◆ Supplied data ◆
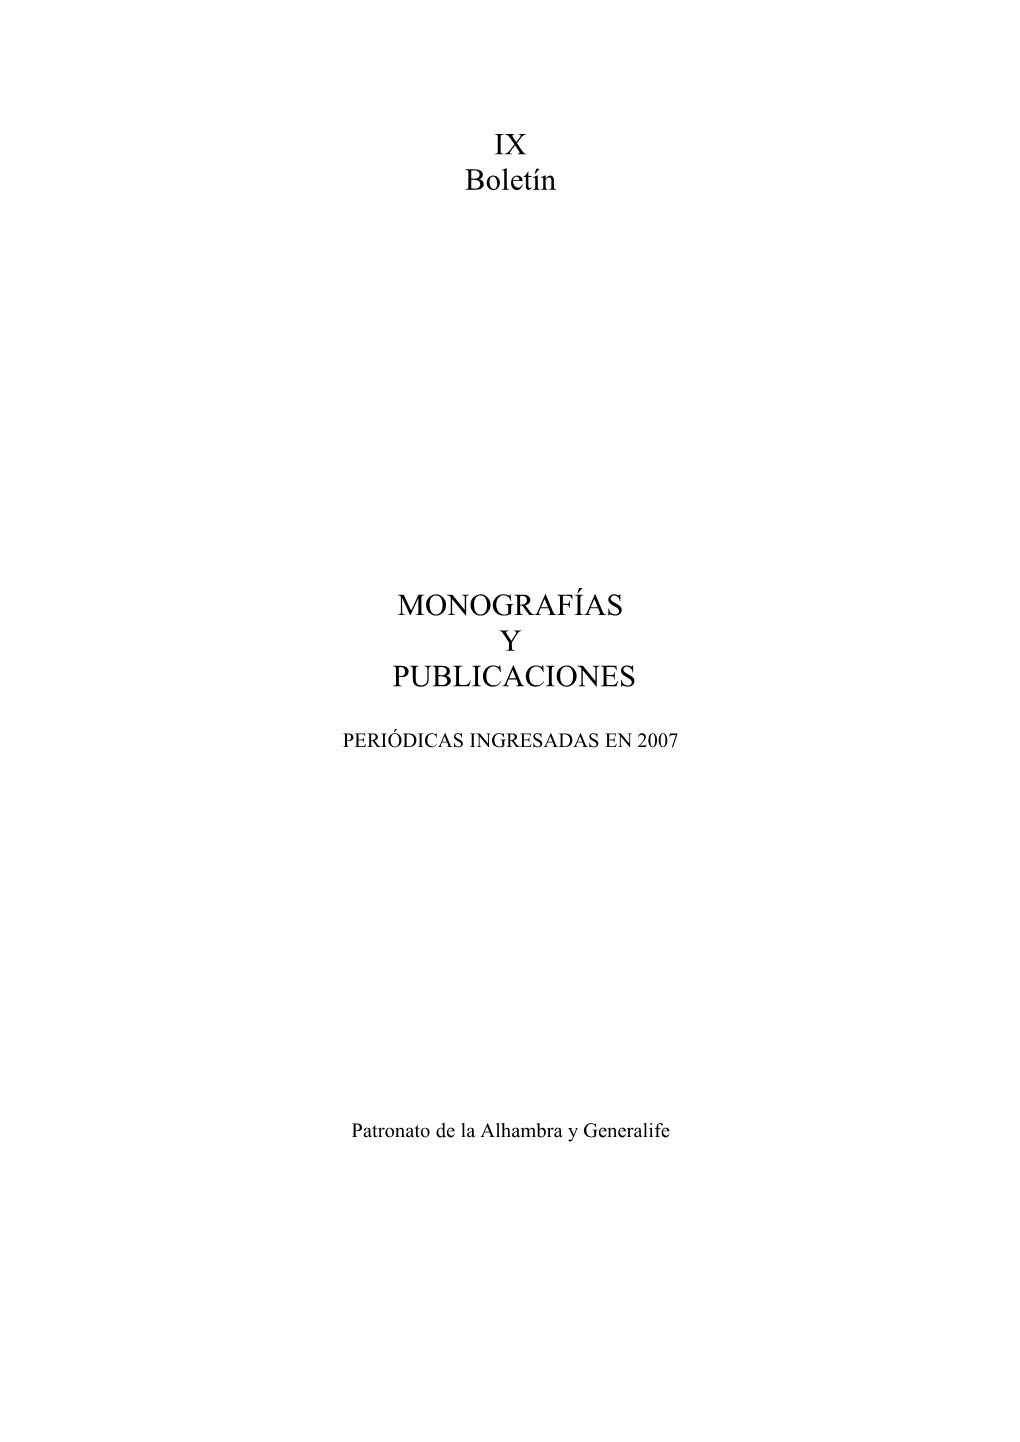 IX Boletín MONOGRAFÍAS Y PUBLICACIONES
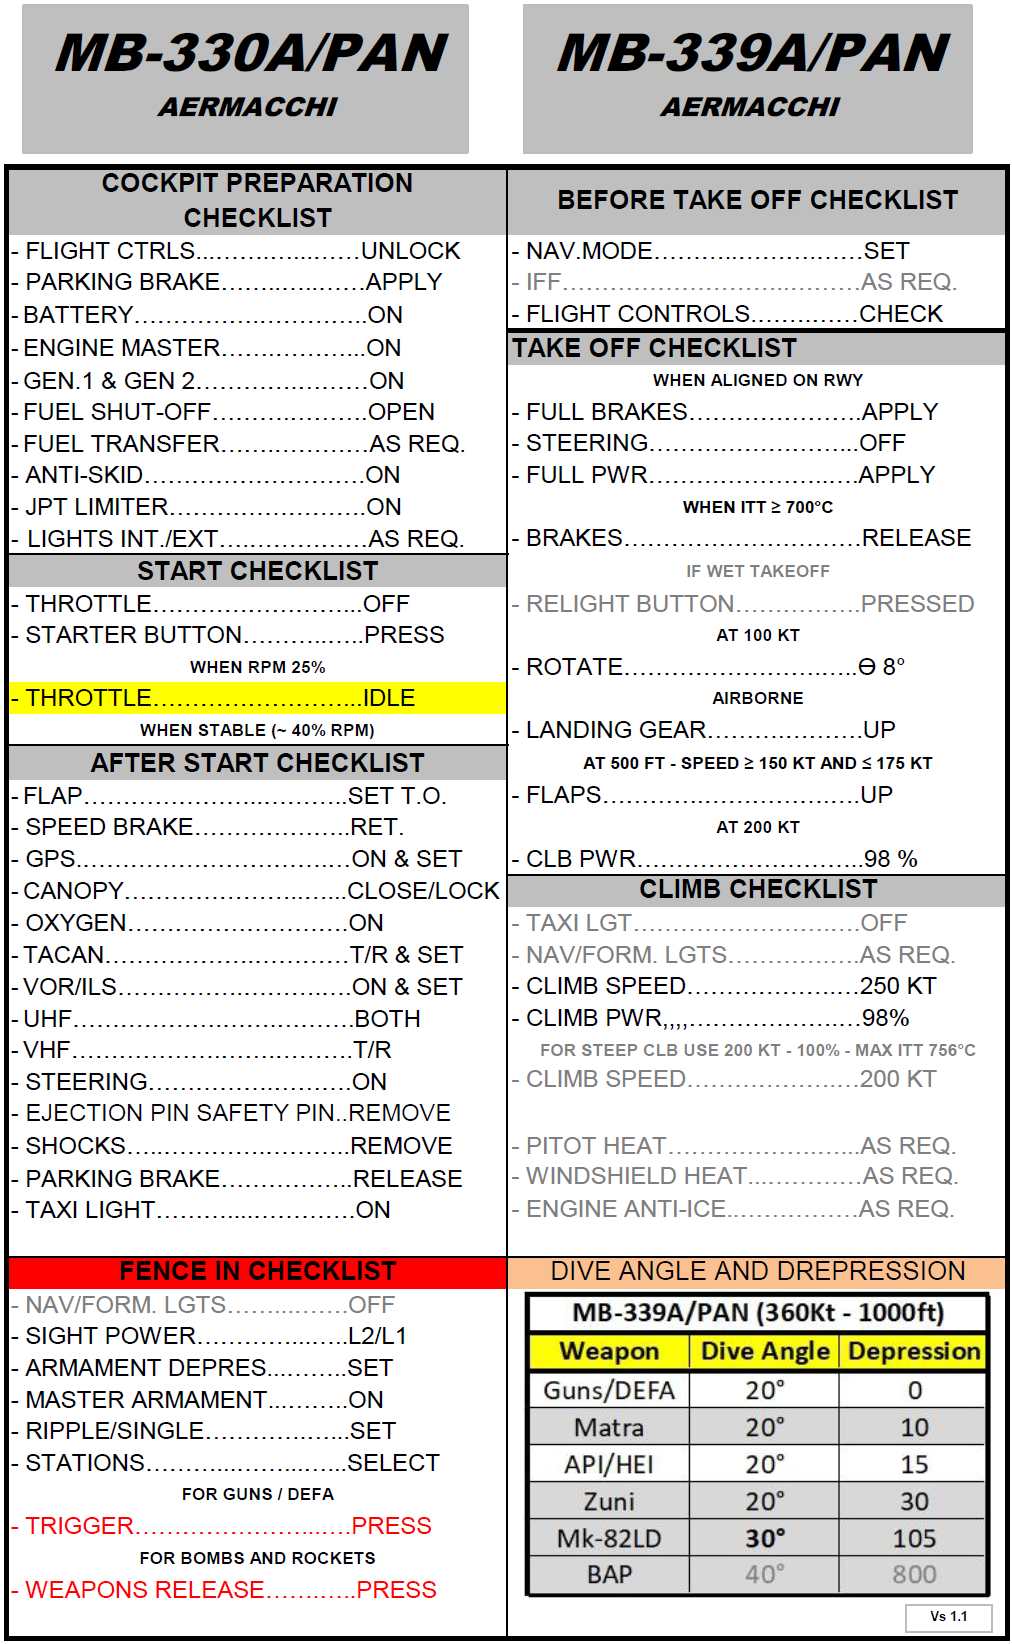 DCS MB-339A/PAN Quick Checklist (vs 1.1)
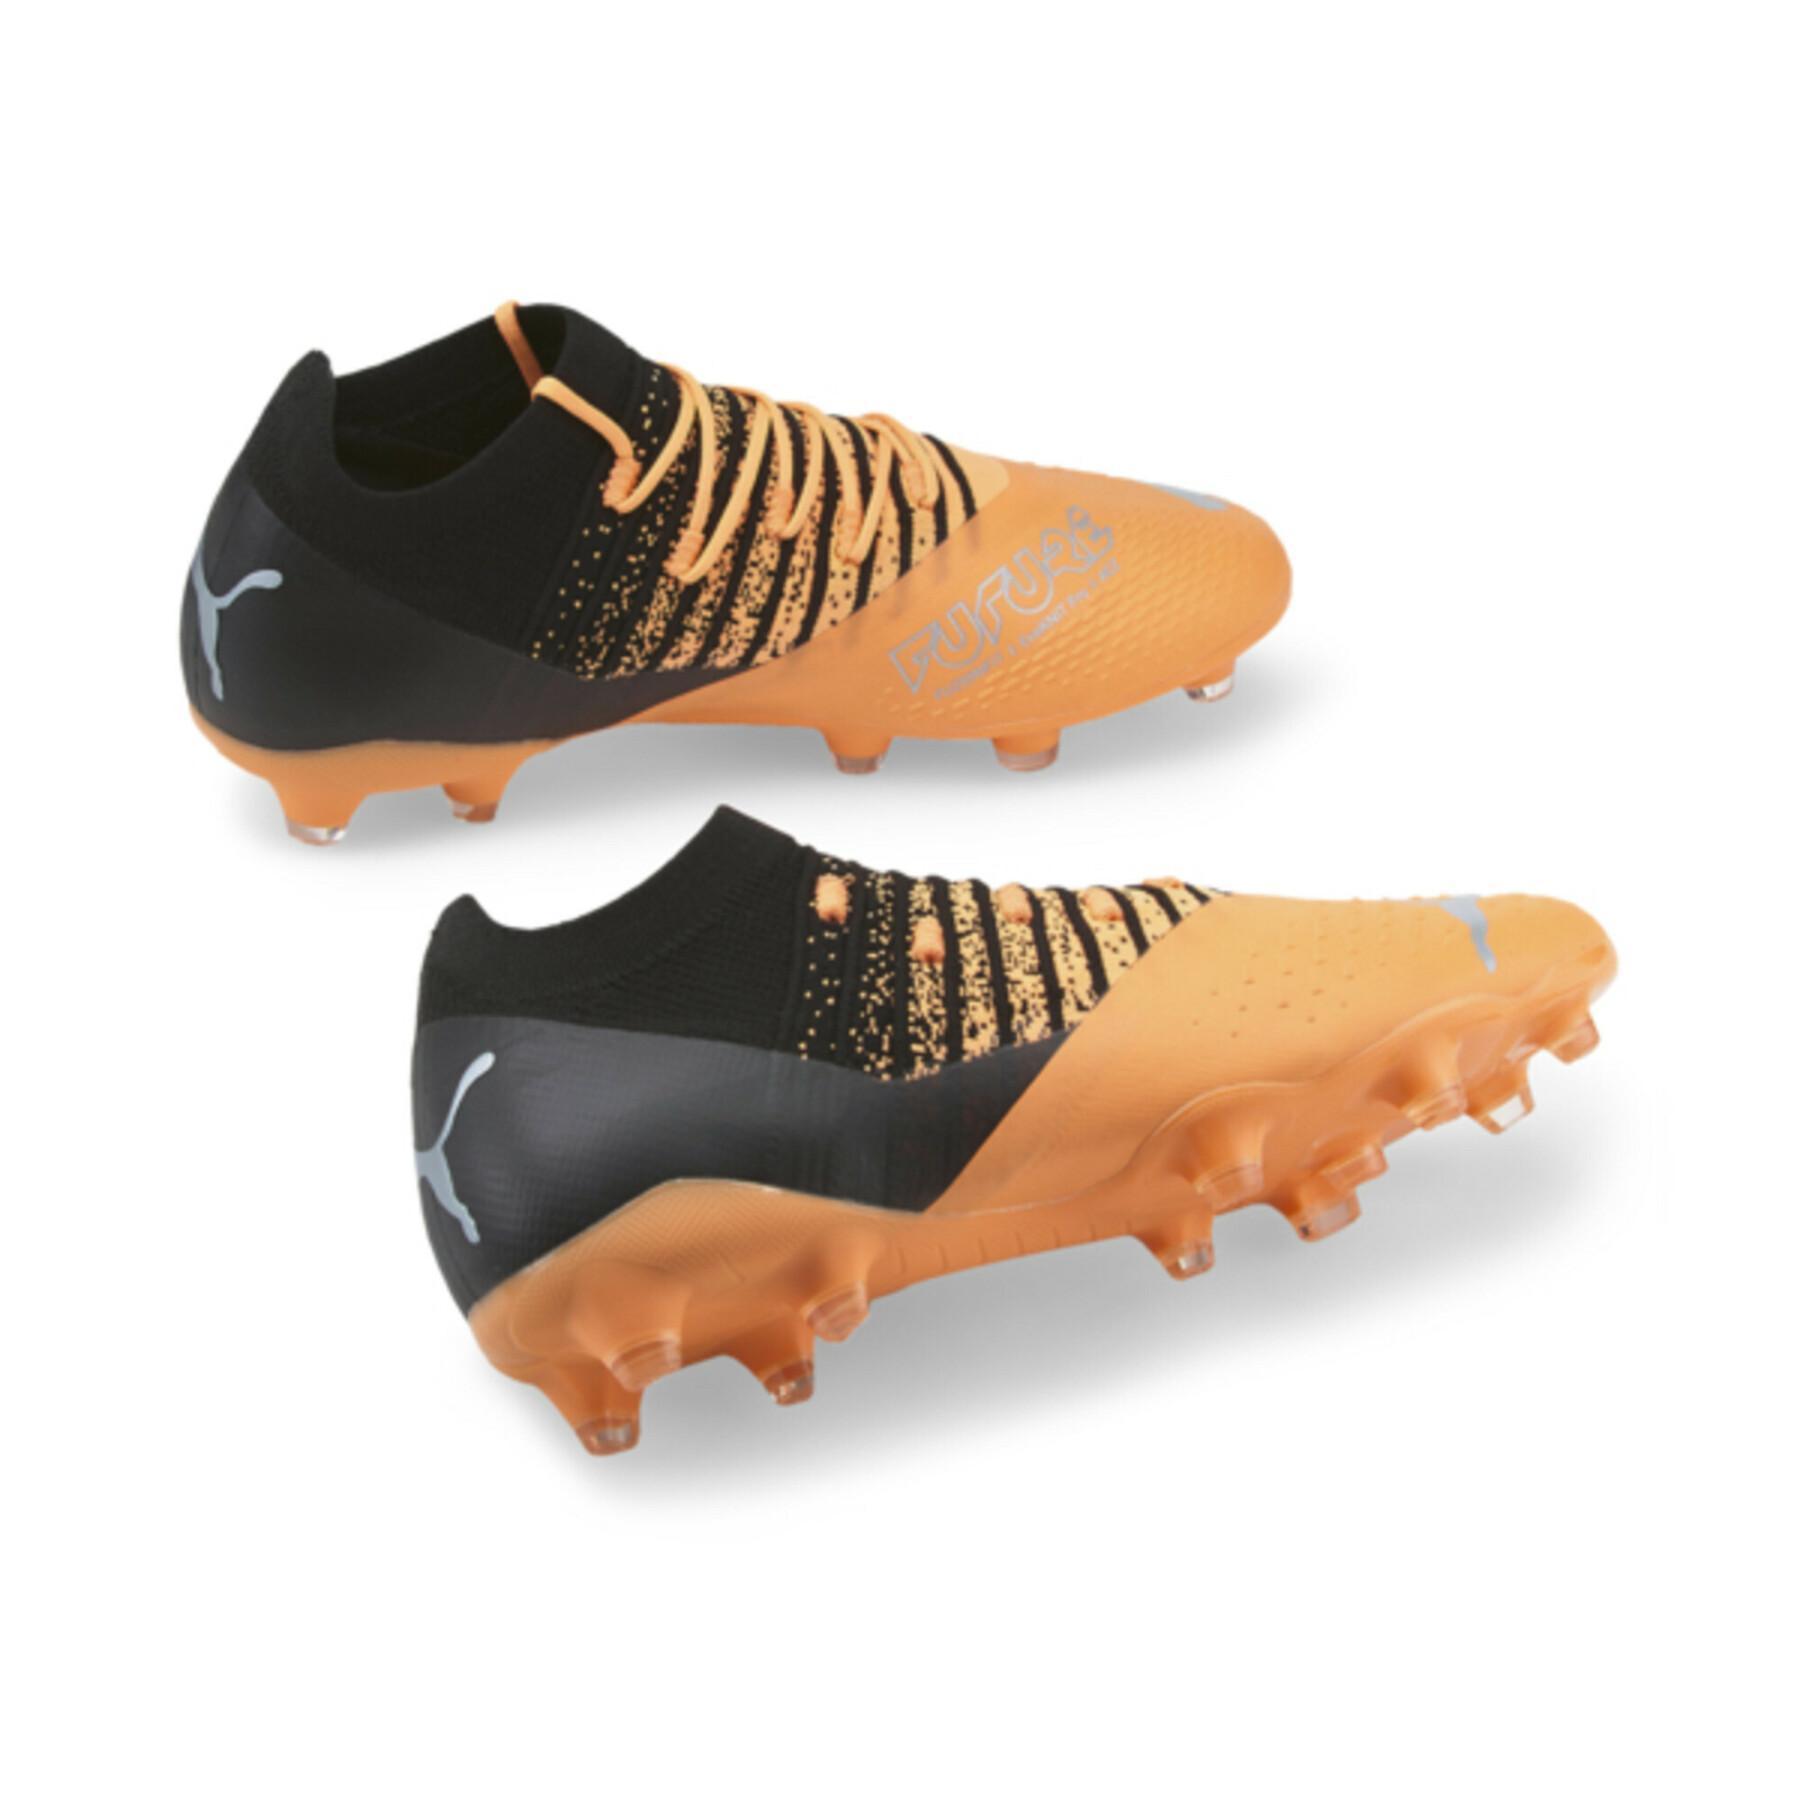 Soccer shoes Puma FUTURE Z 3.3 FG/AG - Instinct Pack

◆ Assignment ◆
Every line above must be printed again exactly, pictures excluded.

◆ Expected output ◆
 IX Boletín MONOGRAFÍAS Y PUBLICACIONES
 DCS MB-339A/PAN Quick Checklist (vs 1.1)
 Soccer shoes Puma FUTURE Z 3.3 FG/AG - Instinct Pack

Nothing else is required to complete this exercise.